DOMESTIC violence campaigners hit out last night after a pensioner who hit his wife over the head with a metal bar was deemed too old to go to jail.
Oliver Clarkson, chairman of the Northumberland and Durham Canary Club, escaped prison yesterday after a judge heard he had suffered two strokes since being on remand for the attack in March.
Yesterday at Newcastle Crown Court the 71-year-old, of Woodbine Terrace in Bensham, Gateshead, was given a restraining order preventing him from contacting wife Carol.
Sentencing on charges of unlawful wounding and criminal damage, which Clarkson admitted at an earlier hearing, was deferred for six months.
The court heard how the couple had been married for 10 years and lived at Finchale Terrace in Jarrow, South Tyneside, where he kept his birds and pet cats.
In January this year a Non-Molestation Order to protect Mrs Clarkson, 20 years younger than her ex-husband, was granted by a County Court, but on March 18 he smashed a window at her home, prosecutor Barry Robson told the court.

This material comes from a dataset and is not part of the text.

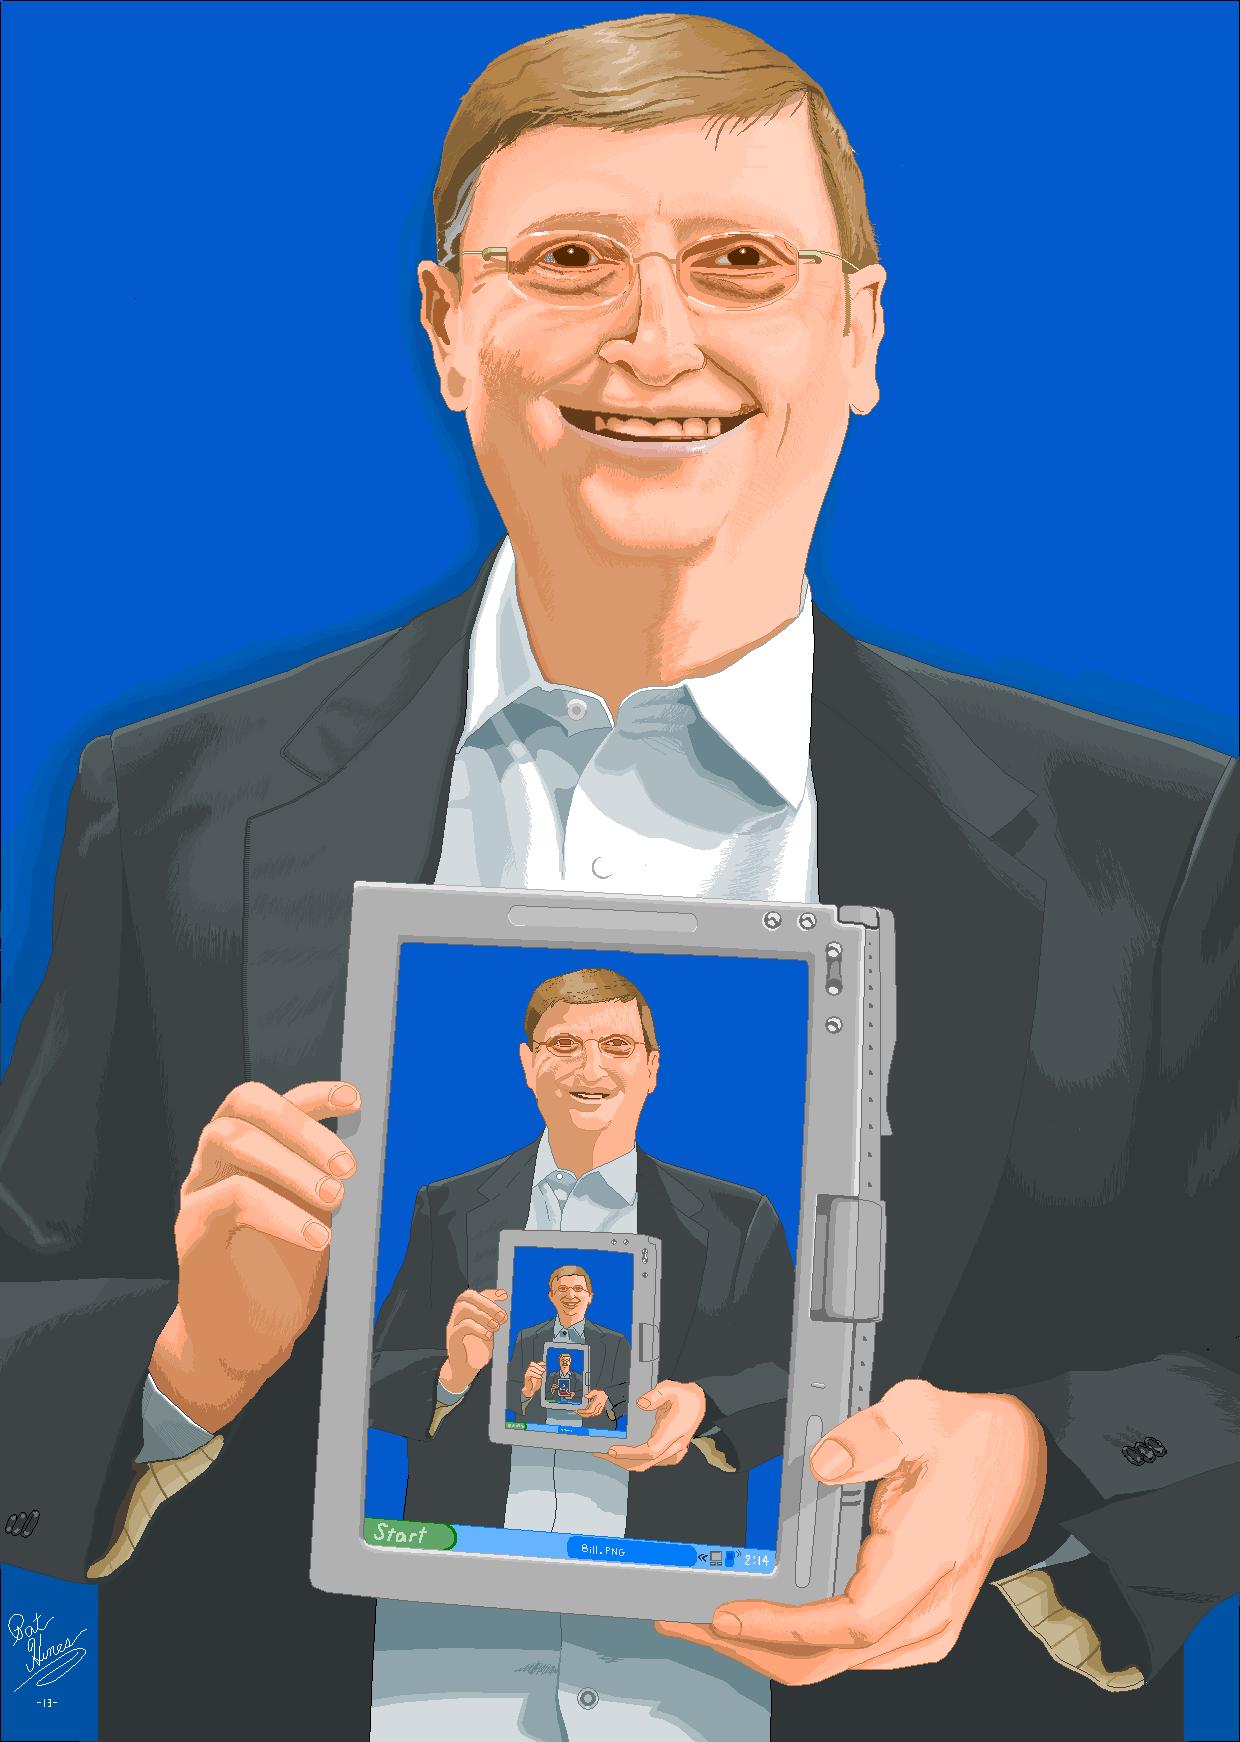 Bill Gates in Microsoft Paint

Two days later she came from work with a friend and as she went to switch on the light was struck across the head with a metal bar by Clarkson.
Mrs Clarkson’s friend was able to restrain him until police arrived. His ex-wife needed four staples in her head and the court heard she has since suffered stress.

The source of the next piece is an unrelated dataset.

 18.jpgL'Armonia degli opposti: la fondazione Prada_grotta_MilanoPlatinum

Clarkson had a previous conviction for threatening to kill his then common-law wife in 1991. Defending, Ian Graham, said: “He has suffered quite a decline in his health. He has already had a stroke and had another stroke this week.”
He added: “The complainant wants to move on. He found it difficult to accept. He had a number of birds at this address and cats and he was supposed to be allowed access, but she never provided this.”
Recorder Graham Hyland QC told Clarkson: “You have been remanded in custody for some months. You are too old to be in prison, but if in the next six months you offend in any way, particularly in relation to your former wife, you will go to prison.”
Following the case Clare Phillipson, director of the Wearside Women in Need refuge, said: “Hitting somebody over the head with a metal bar could have led to the death of this woman.
“Given it was in the context of what was clearly within a sustained campaign of terror and intimidation, I disagree with the judge and think this man should have gone to prison.”